Ein Meeresanstieg von 7 Metern, was bedeuted das für Thailand, Thailands Küsten und Inseln?

Quellen:
Polkappen – Schmelze nicht mehr zu stoppen
Klimawandel in der Arktis
Eisschmelze lässt sich nicht mehr aufhalten
Nordpol ist in 30 Jahren eisfrei

5 Responses to Polkappen schmelzen. Meeresspiegel in Thailand steigt?

  1. 7 Meter Meeresanstieg sind sehr viel. Selbst wenn es nur die Hälfte wäre, die Auswirkungen sind katastrophal.

    Vorsicht beim Kaufen von Land am Meer, das teure Grundstäck am sonnigen Strand in Phuket oder Koh Samui kann bald einfach verschwunden sein.

  2. Wer heute seinen Bungalow am Strand baut, hat morgen nasse Füße, und übermorgen ist das Haus weg :o

  3. Die meisten haben es noch nicht begriffen – die Preise fuer Grundstuecke direkt am Meer sind noch nicht am Fallen, im Gegenteil, in Pattaya und Jomtien bleiben sie laecherlich hoch bzw steigen sogar noch.

  4. Grosse Gebiete in Thailand sind betroffen. Auch in den Touristenhochburgen. Alleine das wird dramatische wirtschaftliche Konsequenzen haben.
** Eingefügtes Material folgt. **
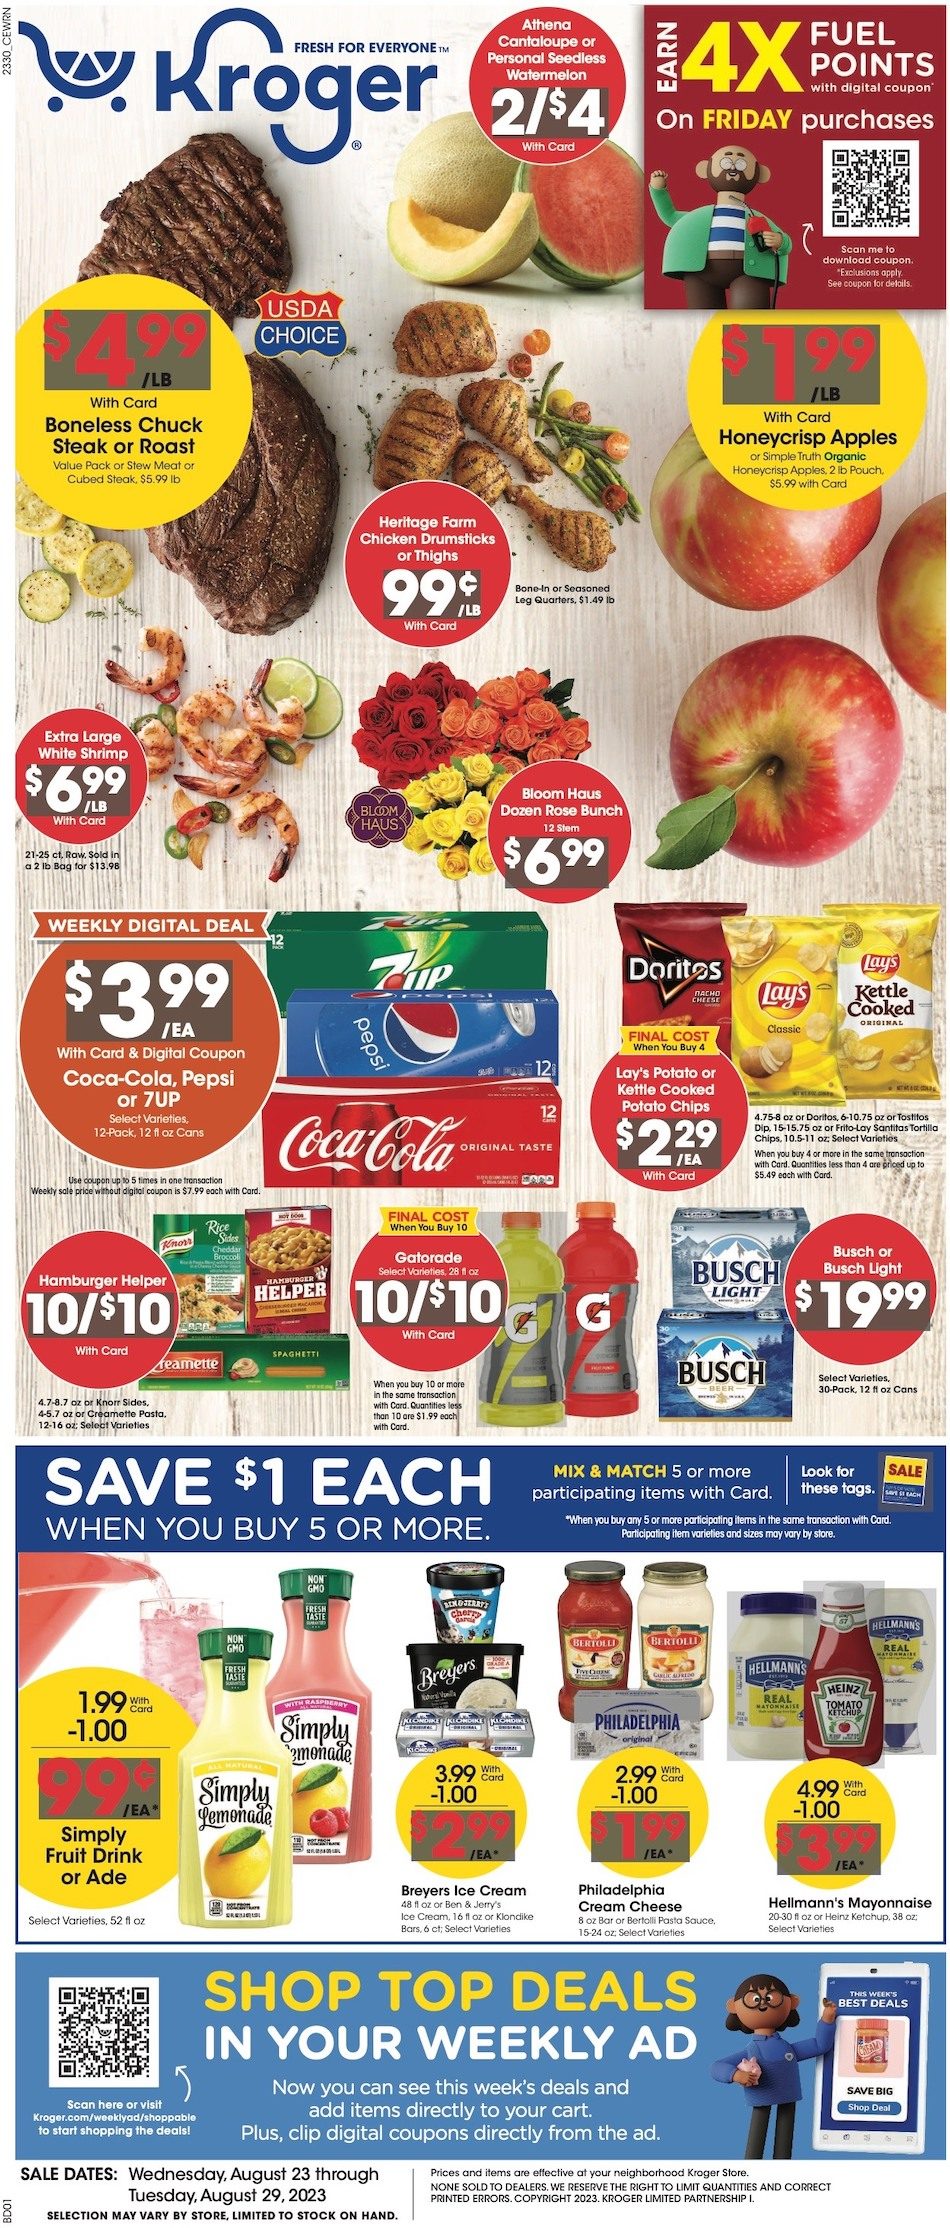 Kroger Weekly Ad 23rd – 29th August 2023 Page 1

    Aber auch die Bergregionen in Thailand sind nicht sicher. Weniger wegen dem Klimawechsel sondern vor allem wegen der Gier und Dummheit der Menschen. Durch die bedenkenlose (und meist illegale) Brandrodung und Abholzung im Norden von Thailand kommt es bei jedem starken Regen zu schlimmen Erdrutschen, wie vor ein paar Tagen wieder. Chiang Rai Provinz wurde zum Katastrophengebiet erklaert nachdem Hochwasser 322 Doerfer ueberschwemmt hat und viele Bruecken zerstoert wurden. Intakte Waelder haetten dies weitgehend verhindert.

  5. Im letzten Moment kann der Mensch es noch richten!
    Wir haben das Bewusstsein für rücksichtsvolleren Umgang mit der Natur und werden Vernünftiger werden. Aber erst wenn wir das Chaos überstehen, was wir verursachten! Da kommt noch viel Bewegung auf uns zu! Die, die es überstehen, werden wissen was ein Paradis sein könnte und werden sich danach richten. Es gibt immer eine Zukunft und wir gestalten sie!